-
Notifications
You must be signed in to change notification settings - Fork 7
Description
Under the Instagram - Posts section in the available scrapers for Instagram, there are two endpoints: Collect by URL and Discover by URL. The Collect by URL endpoint is used for retrieving information about specific posts for which we already have URLs, while the Discover by URL endpoint is used for retrieving information about recent posts given one or more public profile URLs.
Based on the API playground, these two endpoints actually use the same API route and only differ in terms of query arguments.
- Collect by URL:
https://api.brightdata.com/datasets/v3/scrape?dataset_id=gd_lk5ns7kz21pck8jpis¬ify=false&include_errors=true - Discover by URL:
https://api.brightdata.com/datasets/v3/scrape?dataset_id=gd_lk5ns7kz21pck8jpis¬ify=false&include_errors=true&type=discover_new&discover_by=url
Note the type=discover_new&discover_by=url query arguments in the Discover by URL endpoint.
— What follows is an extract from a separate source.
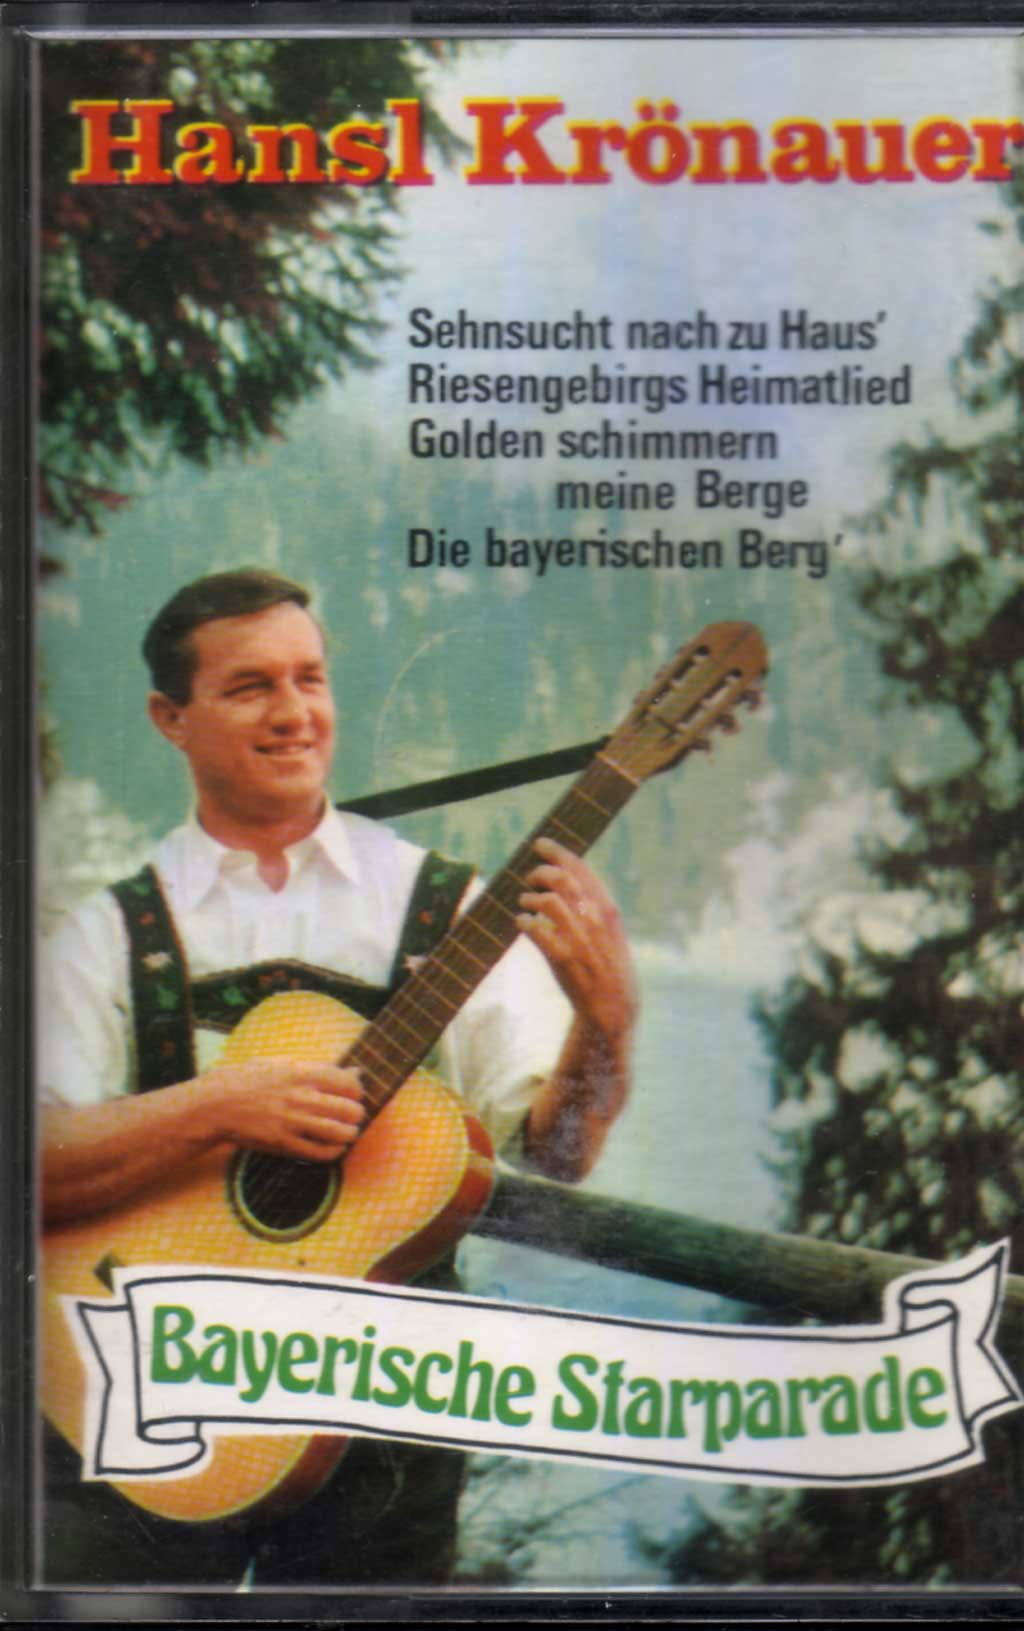 Musikkassette mit Bayerischer Starparade

Without these, a request sent to the same route will be interpreted as a request for Collect by URL.
Now consider this error response I received while trying to use the SDK to request data from the Discover by URL endpoint:
{'success': False, 'cost': None, 'error': 'Trigger failed: Trigger failed (HTTP 400): {"error":"Invalid input provided","code":"validation_error","type":"validation","line":"{\\"url\\":\\"https://www.instagram.com/*****\\",\\"num_of_posts\\":3,\\"post_type\\":\\"post\\"}","index":1,"errors":[["num_of_posts","This input should not contain a num_of_posts field"],["post_type","This input should not contain a post_type field"]]}', 'trigger_sent_at': datetime.datetime(2026, 1, 12, 7, 6, 21, 716138, tzinfo=datetime.timezone.utc), 'data_fetched_at': datetime.datetime(2026, 1, 12, 7, 6, 22, 12345, tzinfo=datetime.timezone.utc), 'url': '', 'status': 'error', 'data': None, 'snapshot_id': None, 'platform': 'instagram', 'method': 'web_scraper', 'root_domain': None, 'snapshot_id_received_at': None, 'snapshot_polled_at': [], 'html_char_size': None, 'row_count': None, 'field_count': None}
The error messages included, for clarity, are:
- This input should not contain a num_of_posts field
- This input should not contain a post_type field
These messages confuse me because those fields are indeed documented as part of the Discover by URL endpoint and can be used in the API playground. However, these fields are not present in the Collect by URL endpoint, so I assume the SDK is not correctly including the necessary query arguments in the request, causing the API to interpret it as a request to the Collect by URL endpoint.
As a temporary workaround, I can just send the request directly without the SDK wrapper, but it's quite inconvenient given that the SDK handles the asynchronous snapshot polling very neatly. Hoping this can be fixed soon.